Why Houston’s sunsets look like cotton candy — and the best places to watch them
Look up at the sky, y’all. Have you noticed the trick Houston likes to pull on us every evening?
Just as we’re ready to curse the city for being sticky, muggy and smoggy, it throws us a sky that looks like a painting, with fiery oranges that melt into deep blues mixed with cotton candy pinks and purples.
A friend I met at the University of Houston recently asked me, “Why are our sunsets so good … scientifically?”
Well, McK, here’s the gag: Those breathtaking sunsets are brought to you by the very things Houstonians complain about most — humidity and pollution.
Think of them as those two dudes at the party who everybody knows but nobody really likes. Who even invited them?
They’re hogging the booze and potato chips, talking way too loud, and you wish they’d get up and go. But then one of them gets on AUX, the other starts queuing some bangers (that’s young-folk speak for ‘really good songs’), and suddenly everyone is asking the freshly anointed DJs for a link to their playlist.
You don’t want to thank them (because we can’t forget how suffocating they are), but, for this one night, you have to.
Why the sky looks like cotton candy
Houston Chronicle meteorologist Justin Ballard, who watches and writes about Houston’s skies for a living, explained it simply.
Humidity scatters light. When there’s a lot of moisture hanging around, sunlight refracts and diffuses as if it were hitting a wall of tiny prisms.
“What you wind up seeing is sunsets that look almost kind of like watercolors,” Ballard told me. “You’ve got pinks and purples that look brushed onto the sky.”
Add in our signature pollution, lying like a soft blanket in the lower atmosphere over Houston, and the colors get even richer.
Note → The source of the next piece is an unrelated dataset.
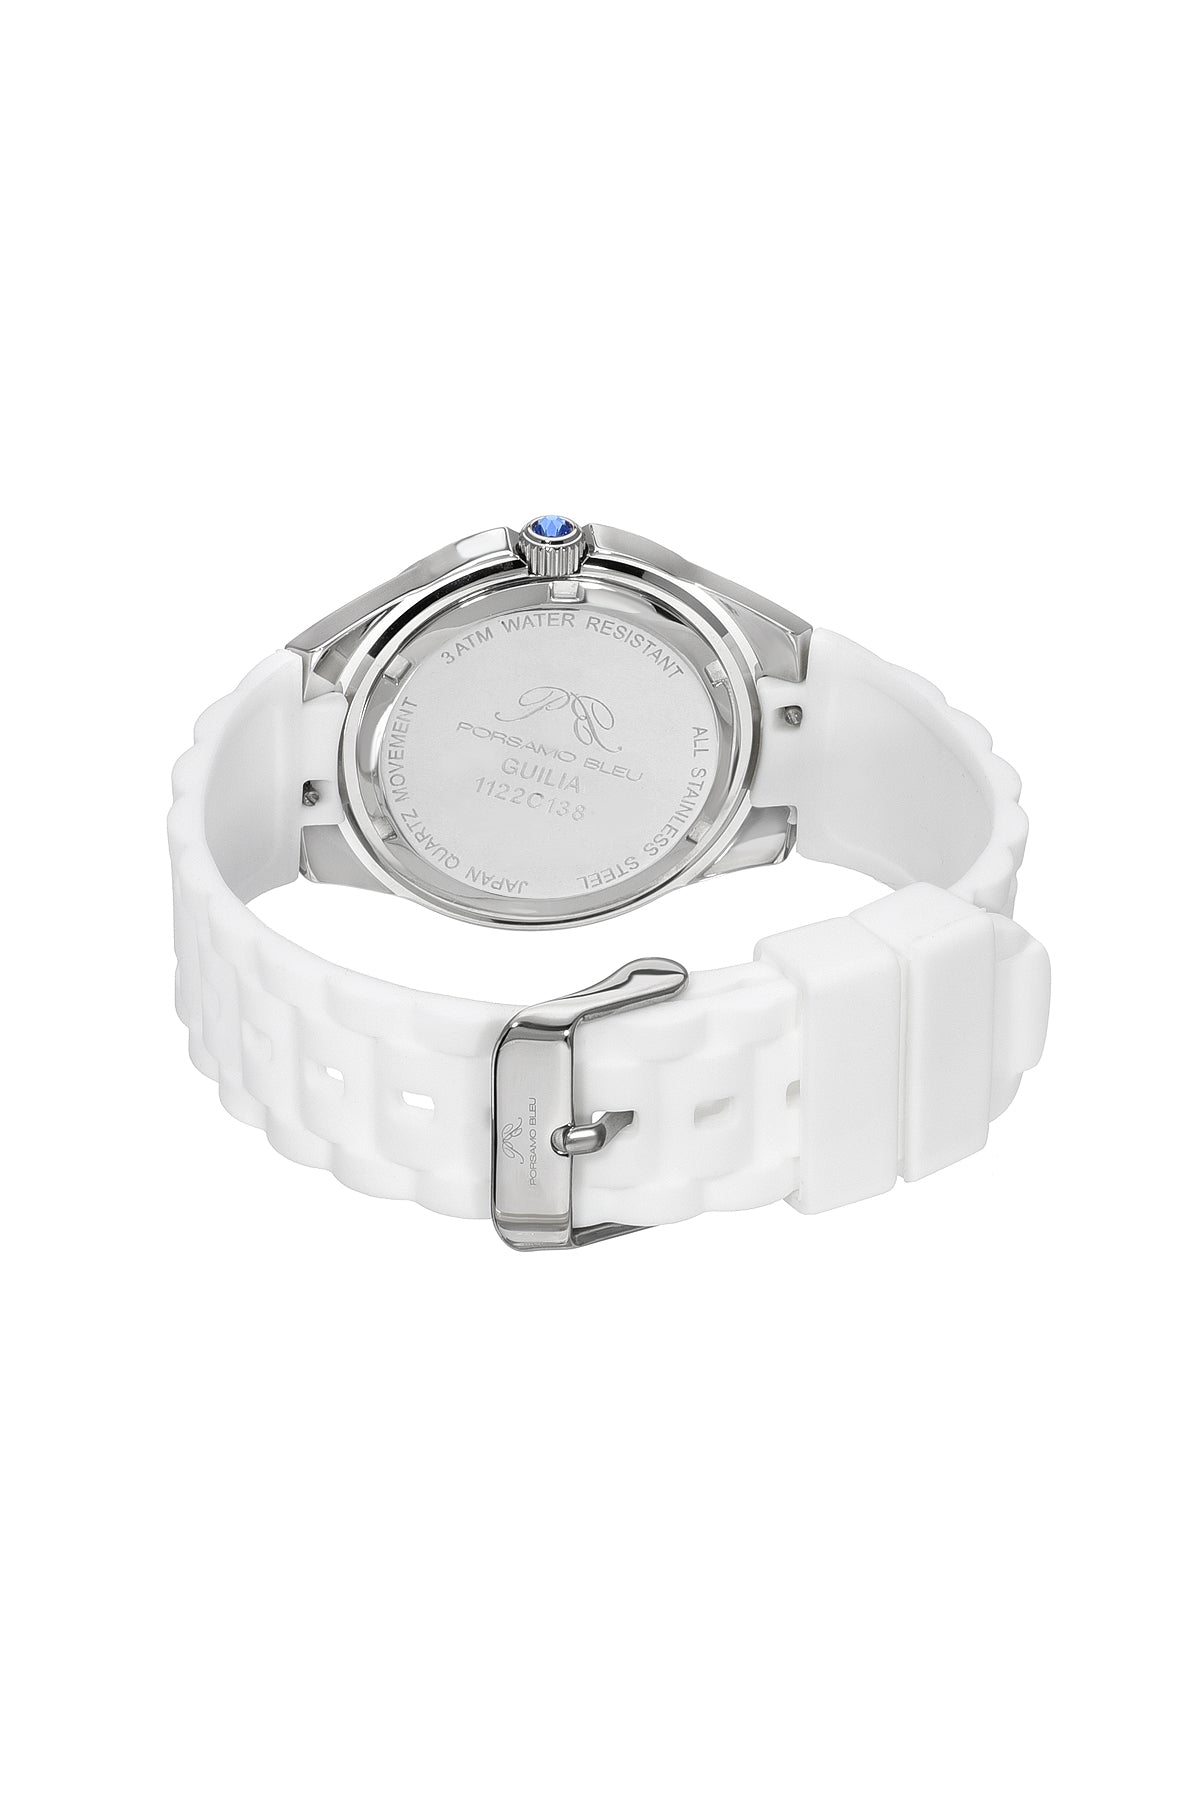 Porsamo Bleu Guilia Luxury Women's Silicone Strap Watch, Interchangeable Bands, Silver, White, Turquoise 1122CGUR

Industrial and vehicle pollution scatter more blue light, Ballard said, enhancing oranges and reds in a sunset. Dust (in Houston, that’s usually of the Saharan variety) and smoke absorb blue light, giving us deep, muted reds and brown hues.
When the seasons change
Every so often, a cold front blows through like a bouncer, kicking humidity and pollution, those two pesky party crashers, out and southward.
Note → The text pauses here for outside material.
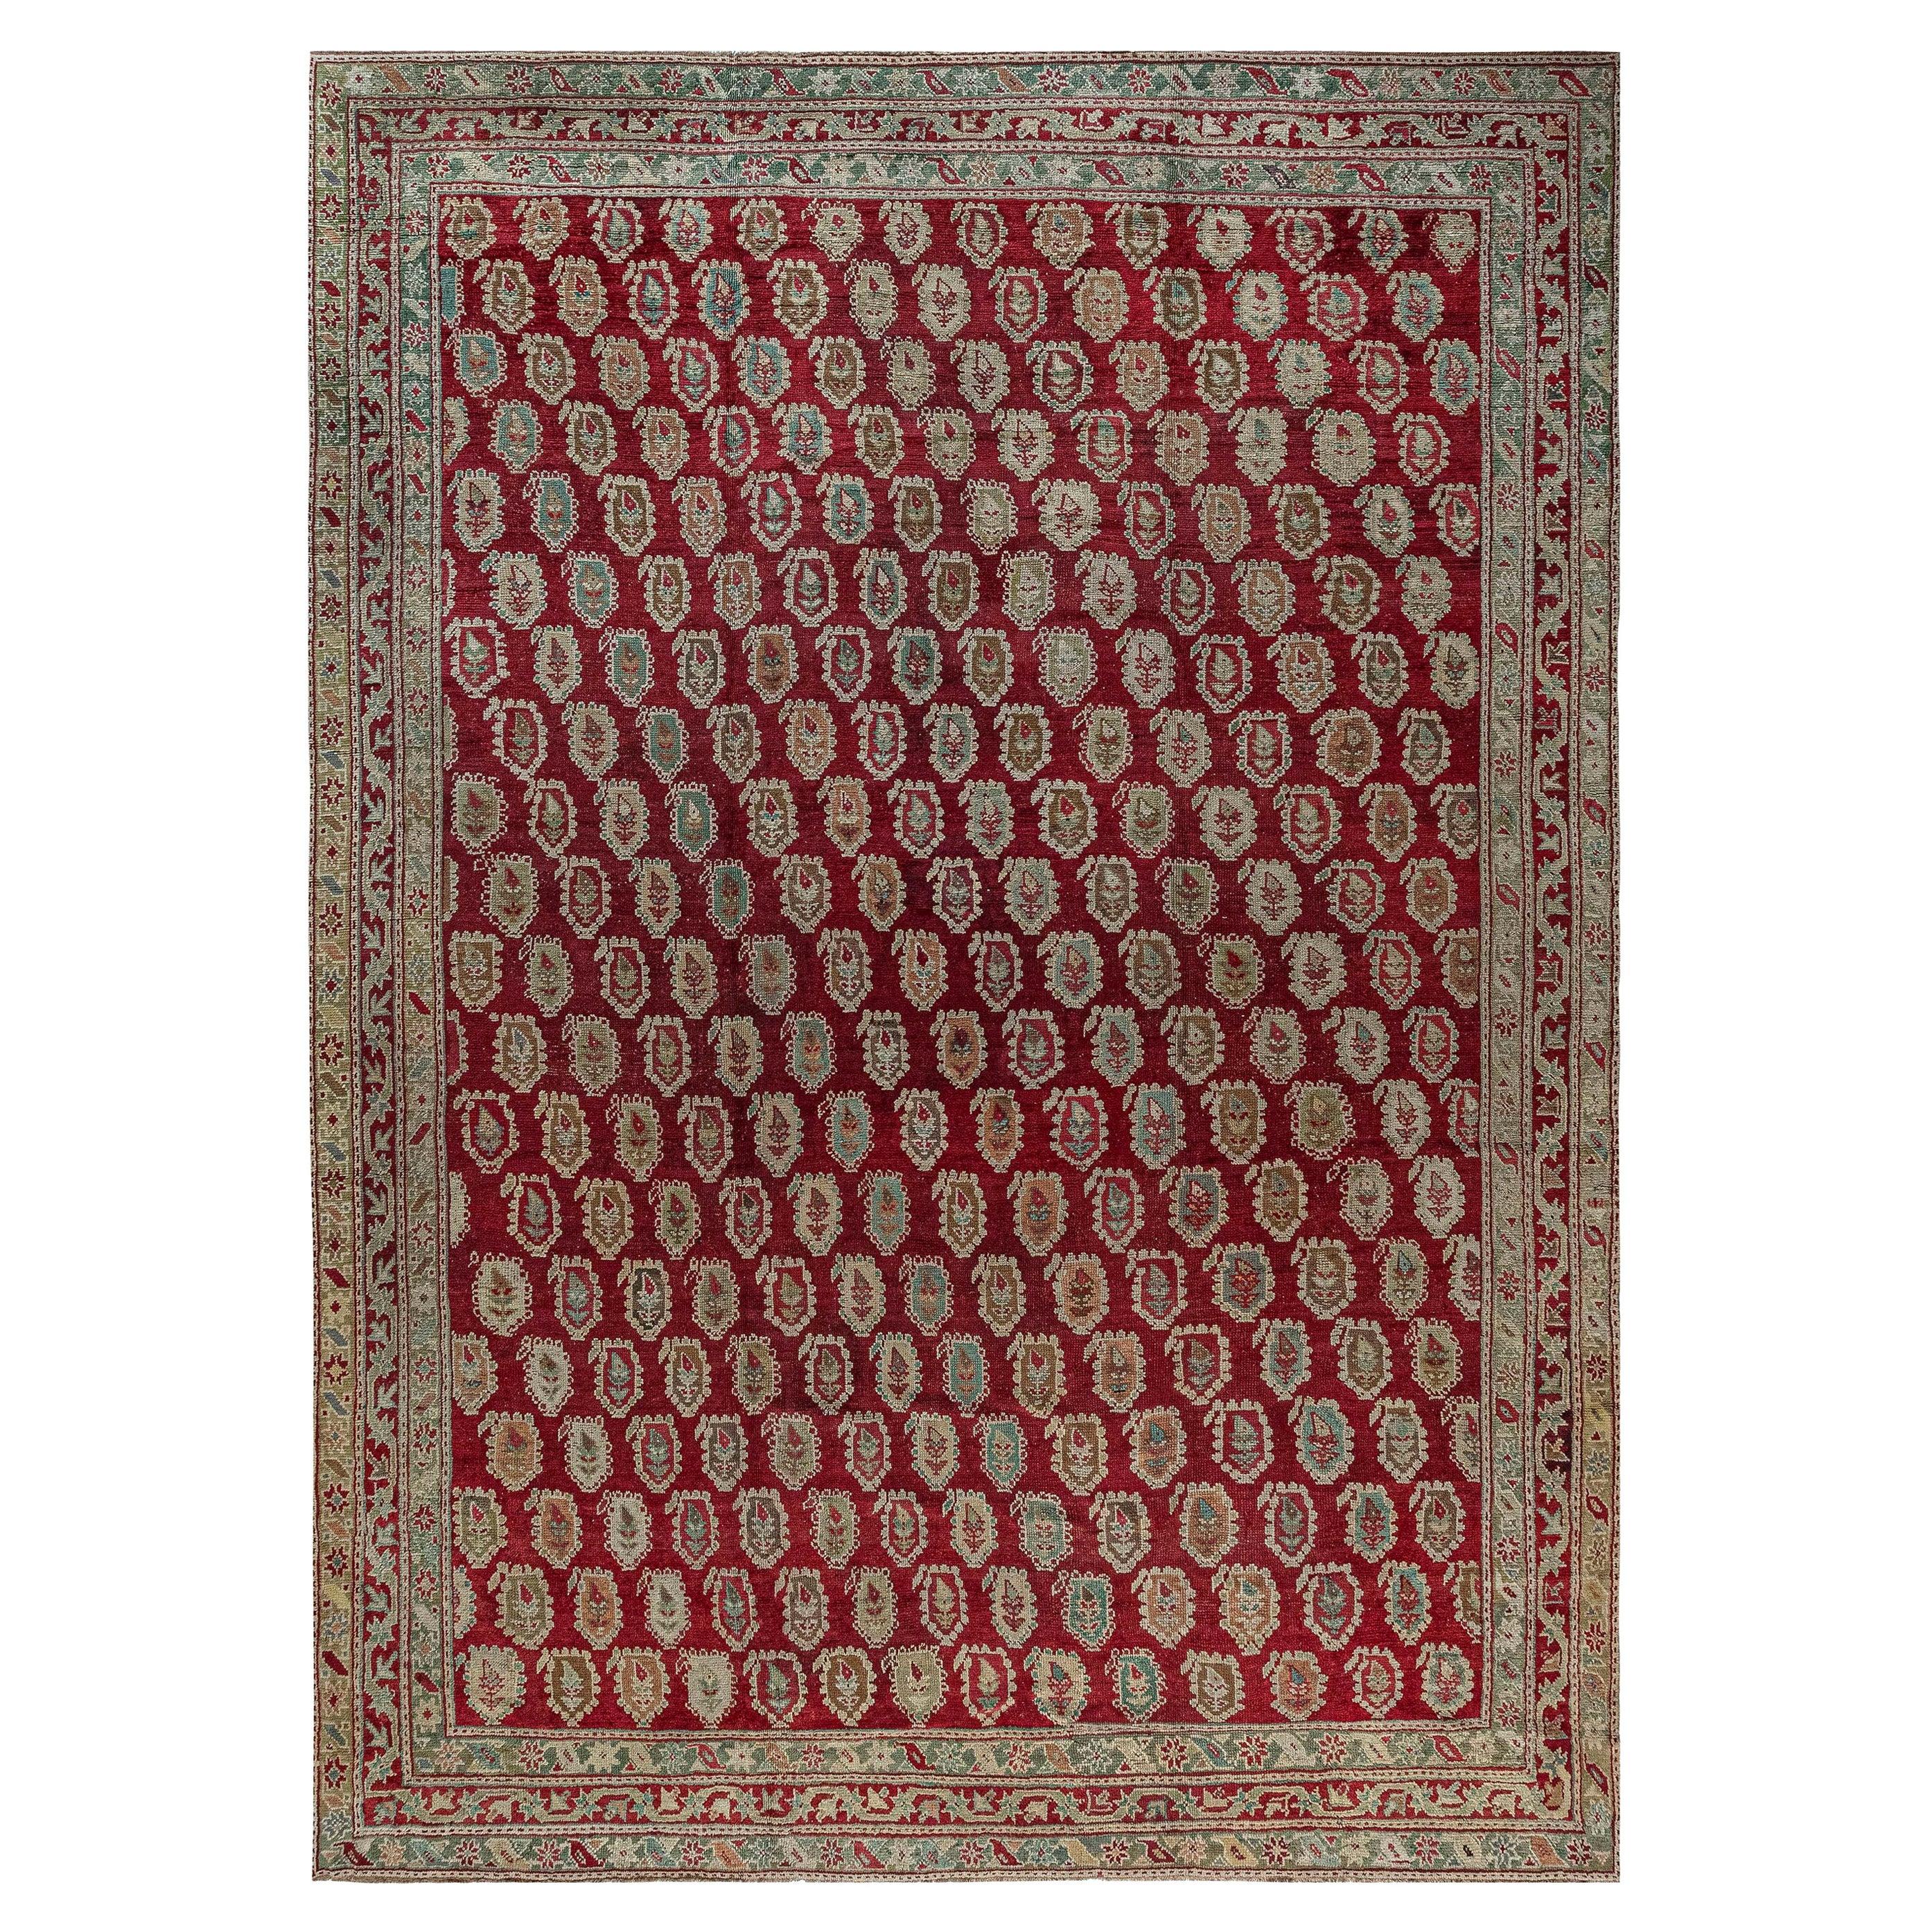 19th Century Turkish Oushak Red Wool Carpet For Sale

Crisper, cleaner air is left behind.
“You’ll likely see, if you look straight up, shades of dark blue as the sun’s setting,” Ballard said of this scenario. “And then if you look directly ahead where the sun is setting, you’ll see something that looks really bright orange or even red, much more fiery.”
We might get an example of it Friday night, Ballard said, after a mild front moves in during the day.
As for the rest of the fall and winter, except for earlier sunsets, don’t expect too much of a difference.
“It’s not like once that first cold front comes in we won’t see watercolor sunsets again until April,” Ballard said. “We’ll still see them, just more sporadically.”
And what about the clouds
I don’t care if you’re tired of my party metaphor. In this analogy, clouds are kind of like the speakers.
Cirrus clouds (those wispy ones way up in the sky) are basically perfect reflectors, Ballard explained. They catch the sunset and bounce it back to us in bright pinks and purples.
“They’re completely made of ice, so they’re able to make for a really stunning sort of sunset,” he said.
Lower, thicker clouds instead block out the sun, muting colors and making everything look gray.
Where to watch the sunset in Houston
I can’t help but constantly look up. That’s why I have a “sky chat” with my friends in which we send pretty photos of the clouds almost daily.
With that being said, here are my favorite spots to watch the Houston sunset:
Memorial Park
Specifically, the West Lawn atop the Kinder Land Bridge.
It’s not the highest vantage point in the city, but it might be the most wholesome.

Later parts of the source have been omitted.